Judge Matthew J. Perry took final action in this case prior to his resignation as a judge of this Court pursuant to his appointment and confirmation as a United States District Judge for the District of South Carolina.






Concurrence Opinion

FLETCHER, Chief Judge

(concurring in the result):

I concur in the result.

In my opinion, a sound reason exists which justifies the denial of the petitioner’s application for extraordinary relief in the nature of a writ of coram nobis. Simply stated, the petitioner has not shown good cause for his earlier failures to seek appropriate relief either at his court-martial, during the normal appellate process, or by means of a petition for new trial. See United States v. Morgan, 346 U.S. 502, 512, 74 S.Ct 247, 98 L.Ed. 248 (1954); Wright, Federal Practice and Procedure, Criminal § 592 nn. 60, 62 (1969). The petitioner knew of the facts and circumstances surrounding his enlistment. He was represented by counsel at his court-martial and during its appellate process; legal advice was available to him thereafter while confined. The decision in United States v. Russo, 1 M.J. 134 (C.M.A.1975), was handed down some four months before his court-martial. In the absence of any demonstration of inadequate assistance of counsel, the Navy Court of Military Review did not abuse its discretion in denying coram nobis relief.

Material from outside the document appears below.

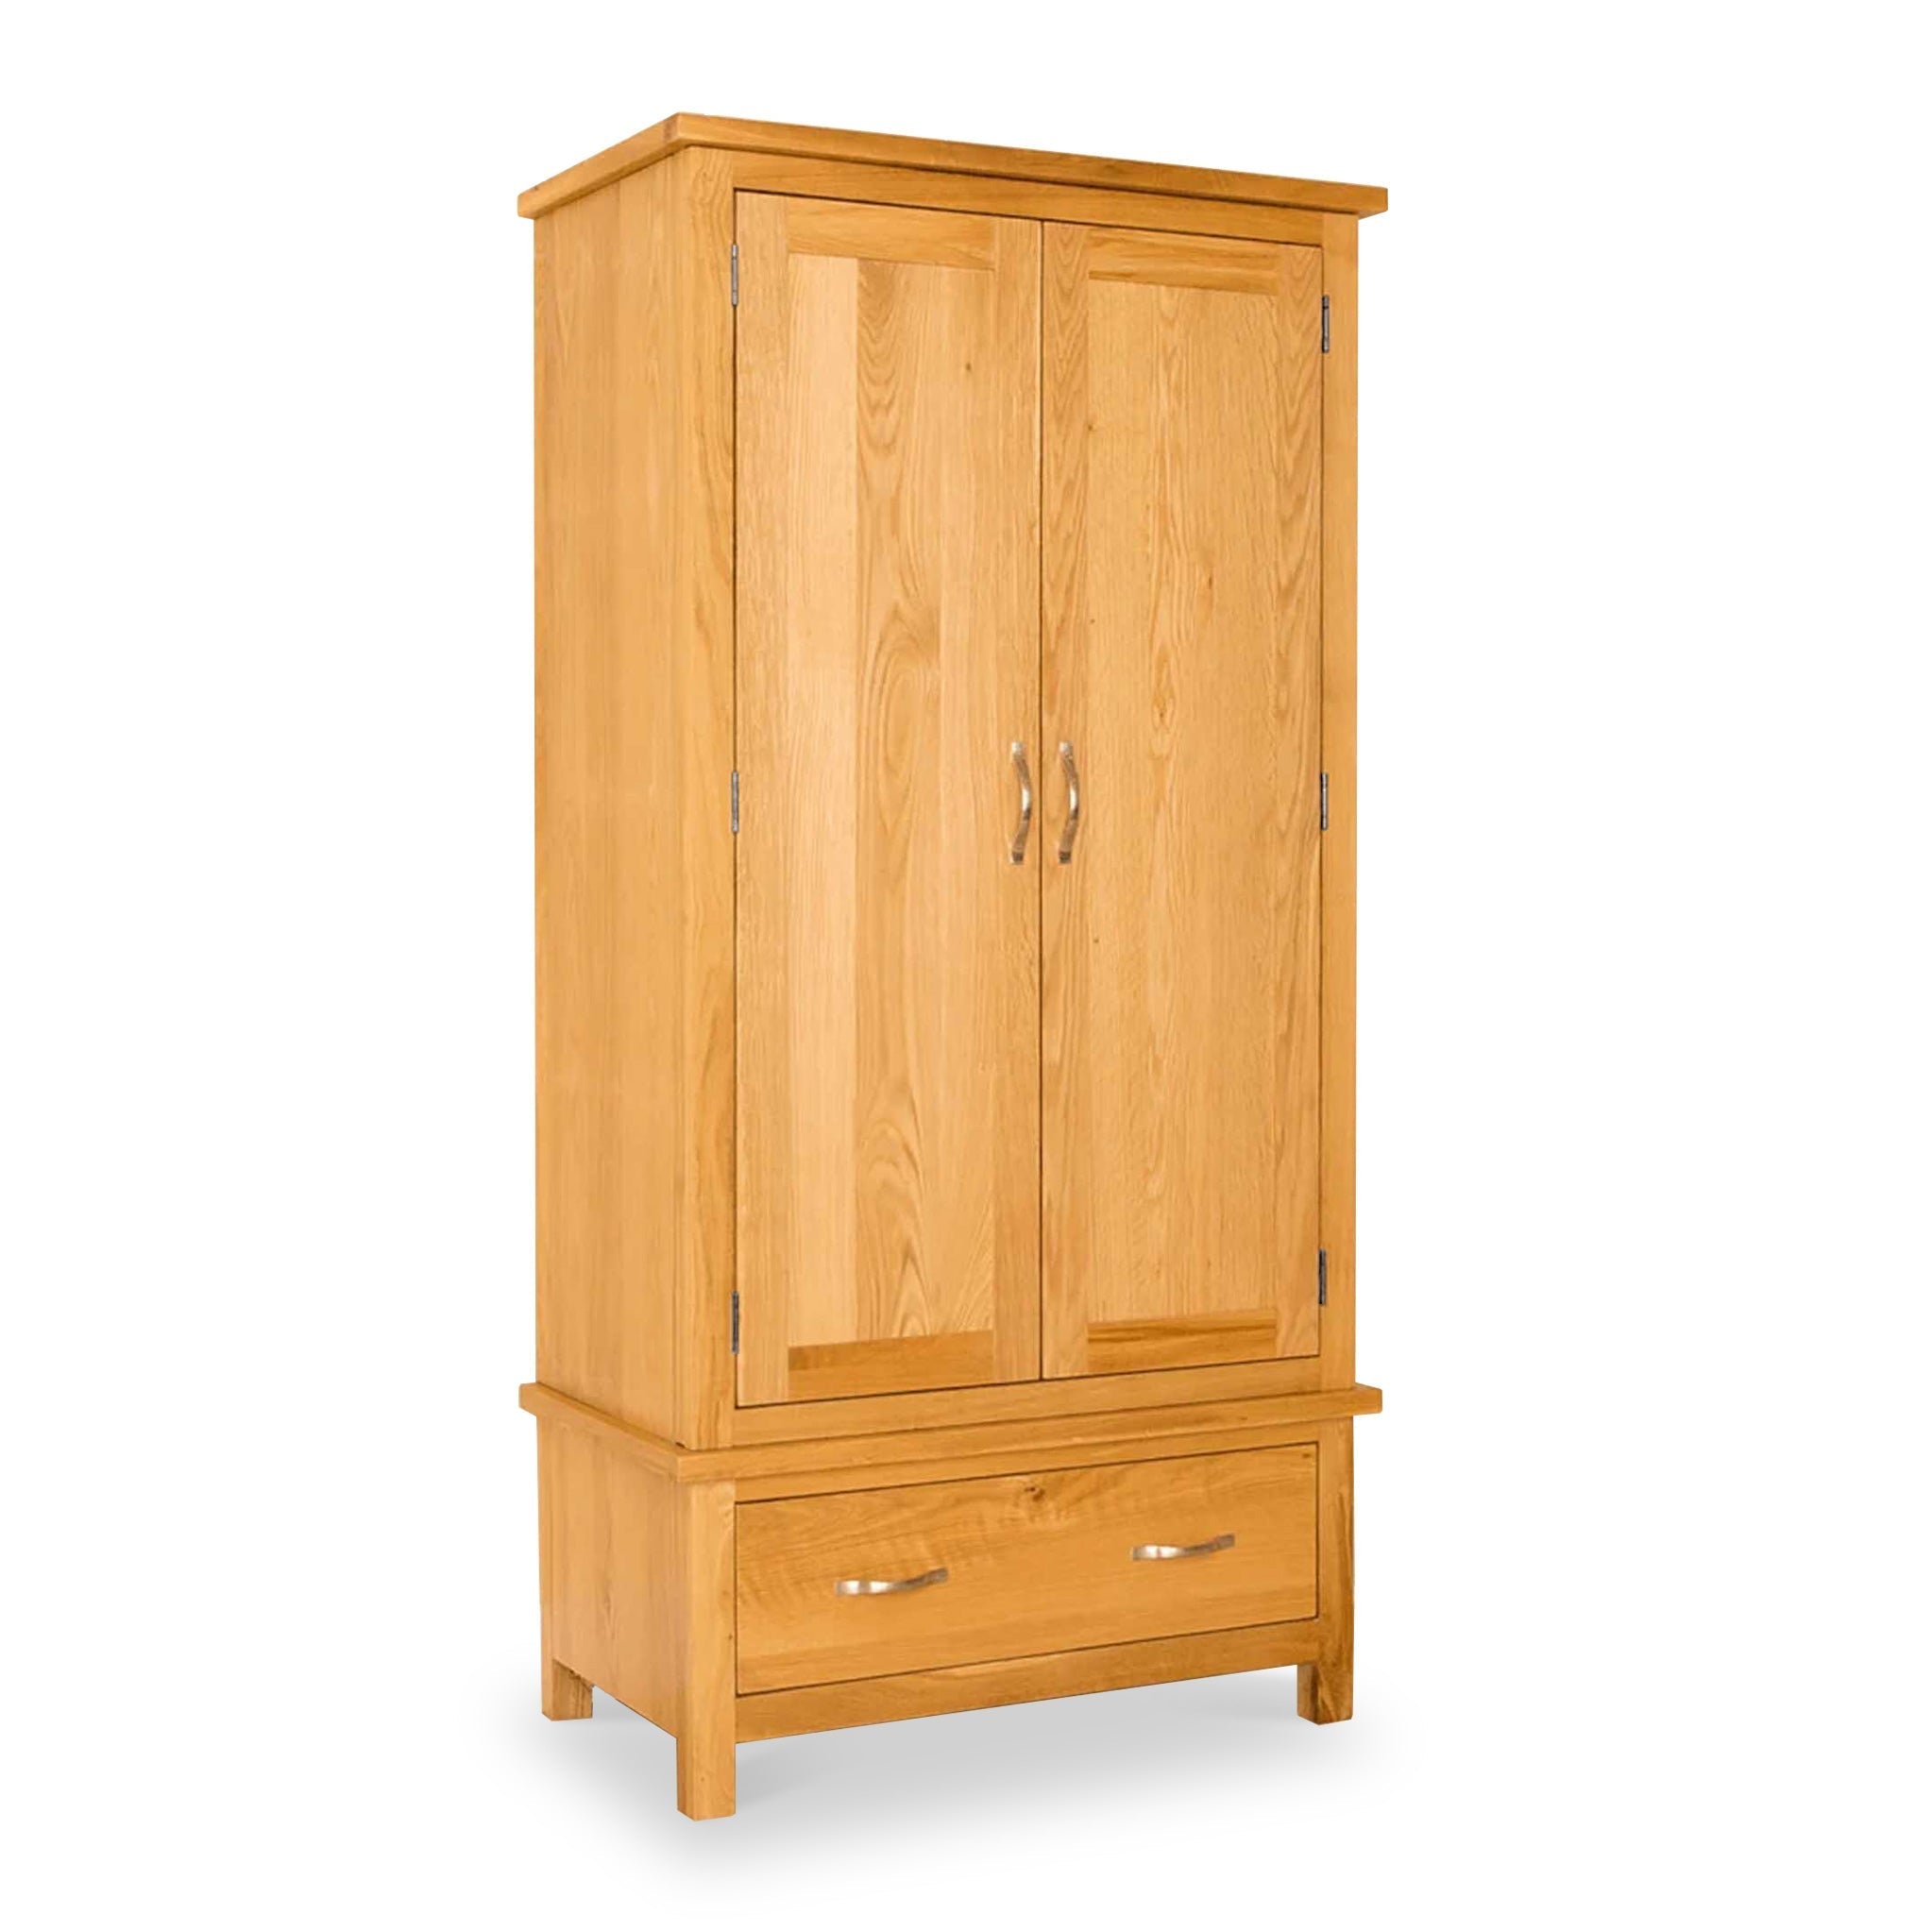 Newlyn Oak Double Wardrobe With Drawer Storage Light Oak

Several additional comments are necessary in light of Judge Cook’s opinion. First, a case for coram nobis relief does not fail simply on the ground that no evidence of the jurisdictional defect appeared in the record of trial.1 Gallagher v. United States, 22 U.S.C.M.A. 191, 46 C.M.R. 191 (1973), a decision granting coram nobis relief, creates no such general rule for the denial of extraordinary relief of this nature. The decision in McPhail v. United States, 1 M.J. 457 (C.M.A.1976), is not to the contrary. There, coram nobis relief was found inappropriate because, at the time the Court considered the petitioner’s original application for extraordinary relief, no error existed to be misperceived. Second, after the time has expired for a petition for a new trial, military practice may still permit the reopening of an already final court-martial on certain issues where the petitioned court in the military justice system originally had vested2 jurisdiction over the ease and good cause3 is shown by the petitioner for seeking further review.

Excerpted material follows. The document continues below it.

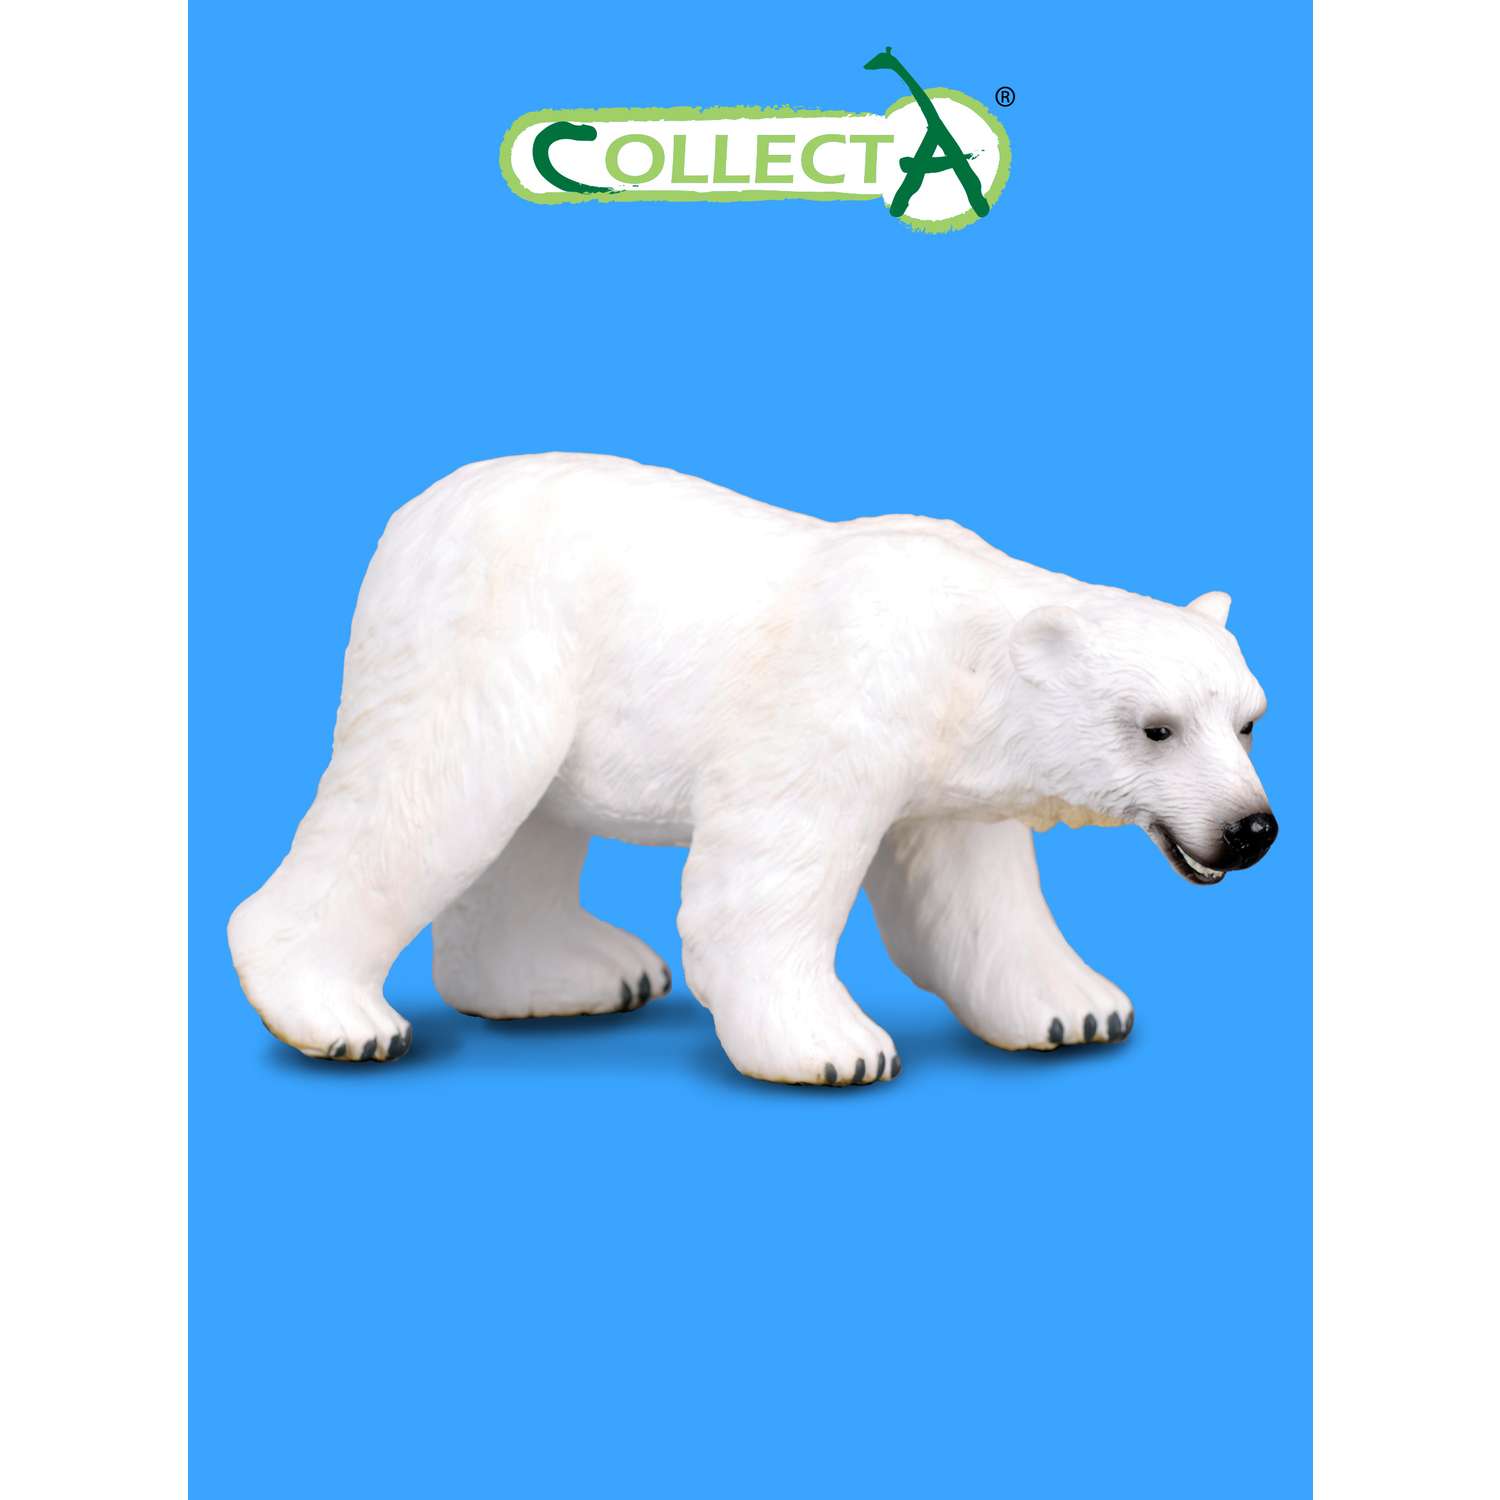 Фигурка животного Collecta Полярный медведь - фото 1
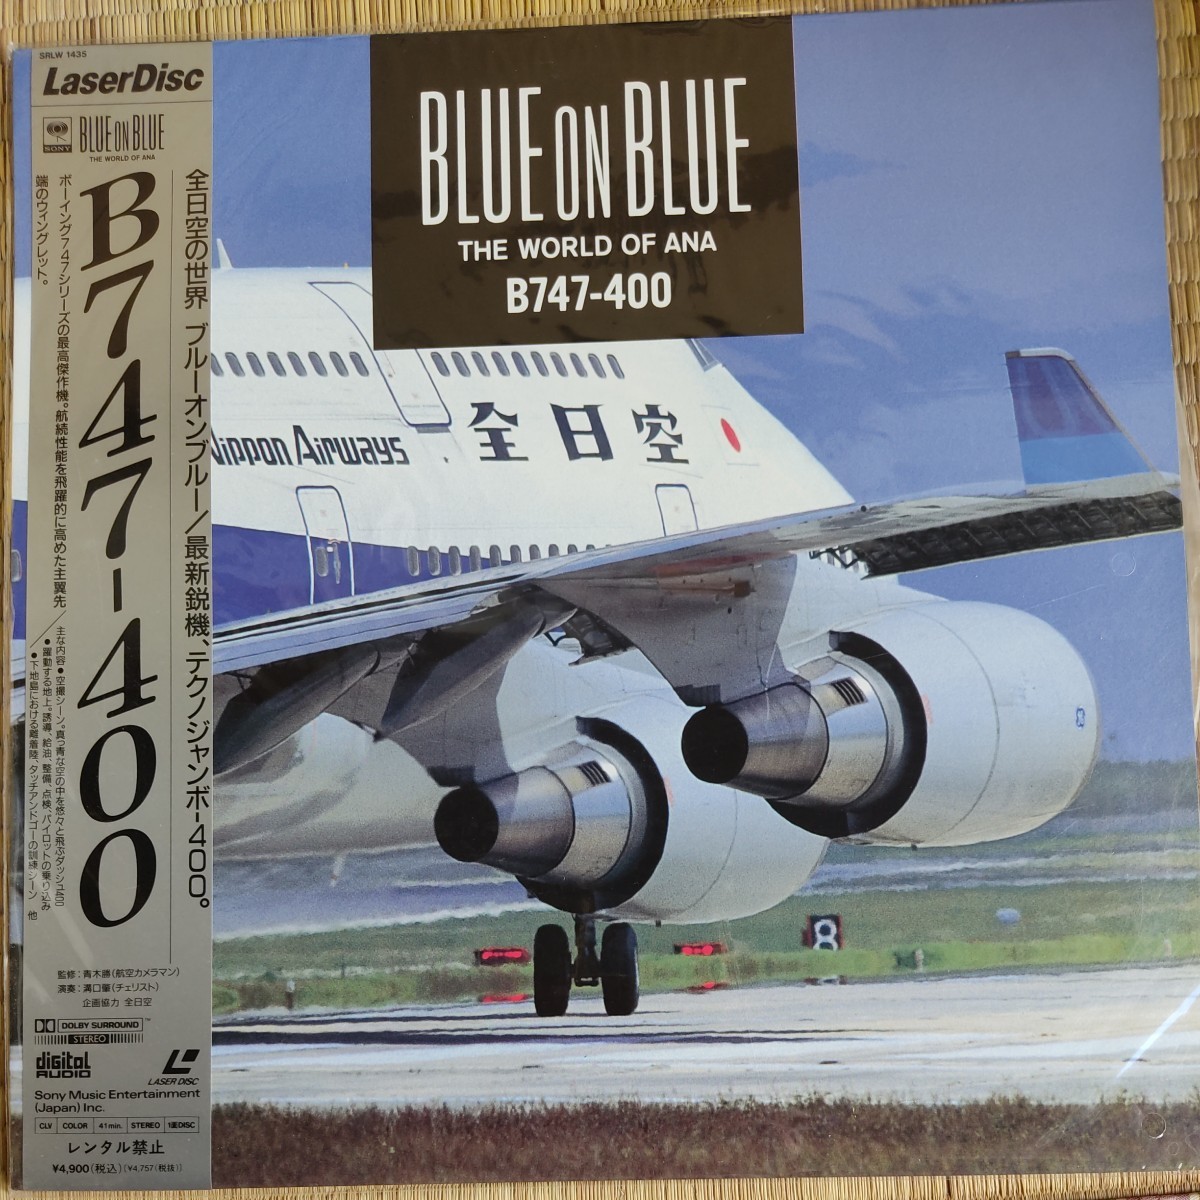 レーザーディスク／ザ・リアルフライト・ドキュメント、ザ・グレイトコックピット、B747-400 全日空の世界 ブルーオンブルーの画像8

. United States v. Morgan, 346 U.S. 502, 508, 74 S.Ct. 247, 98 L.Ed. 248 (1954); United States v. Mayer, 235 U.S. 55, 35 S.Ct. 16, 59 L.Ed. 129 (1914); Mathis v. United States, 246 F.Supp. 116, 118 (E.D.N.C.1965), cited with approval in Del Prado v. United States, 23 U.S.C.M.A. 132, 48 C.M.R. 748 (1974). See generally 7 Moore’s Federal Practice § 60.14 (1979).

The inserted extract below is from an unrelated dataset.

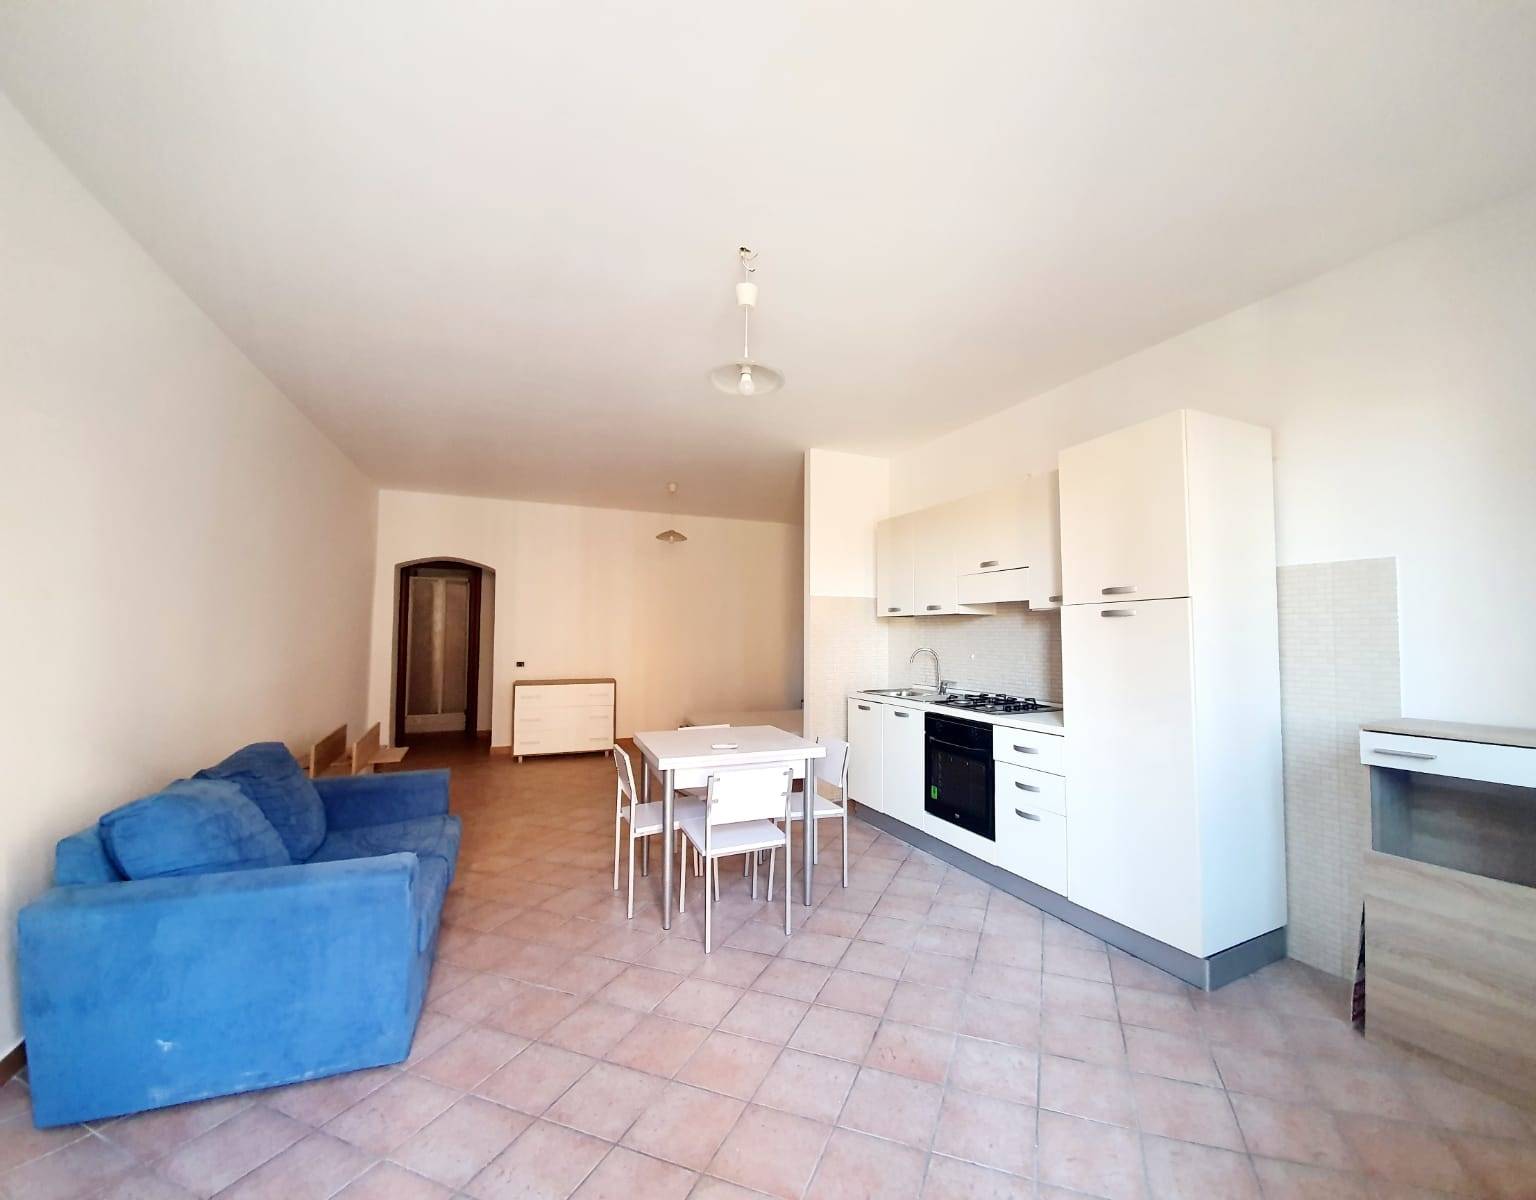 Appartamento in affitto a Fiano Romano, 1 locali, zona Località: CENTRO, prezzo € 450 | CambioCasa.it

. Compare Del Prado v. United States, supra, and Gallagher v. United States, 22 U.S.C.M.A. 191, 193, 46 C.M.R. 191, 193 (1973), with Allen v. United States, 21 U.S.C.M.A. 288, 45 C.M.R. 62 (1972).

. Compare Del Prado v. United States, supra, and Gallagher v. United States, supra, with Hendrix v. Warden, 23 U.S.C.M.A. 227, 49 C.M.R. 146 (1974).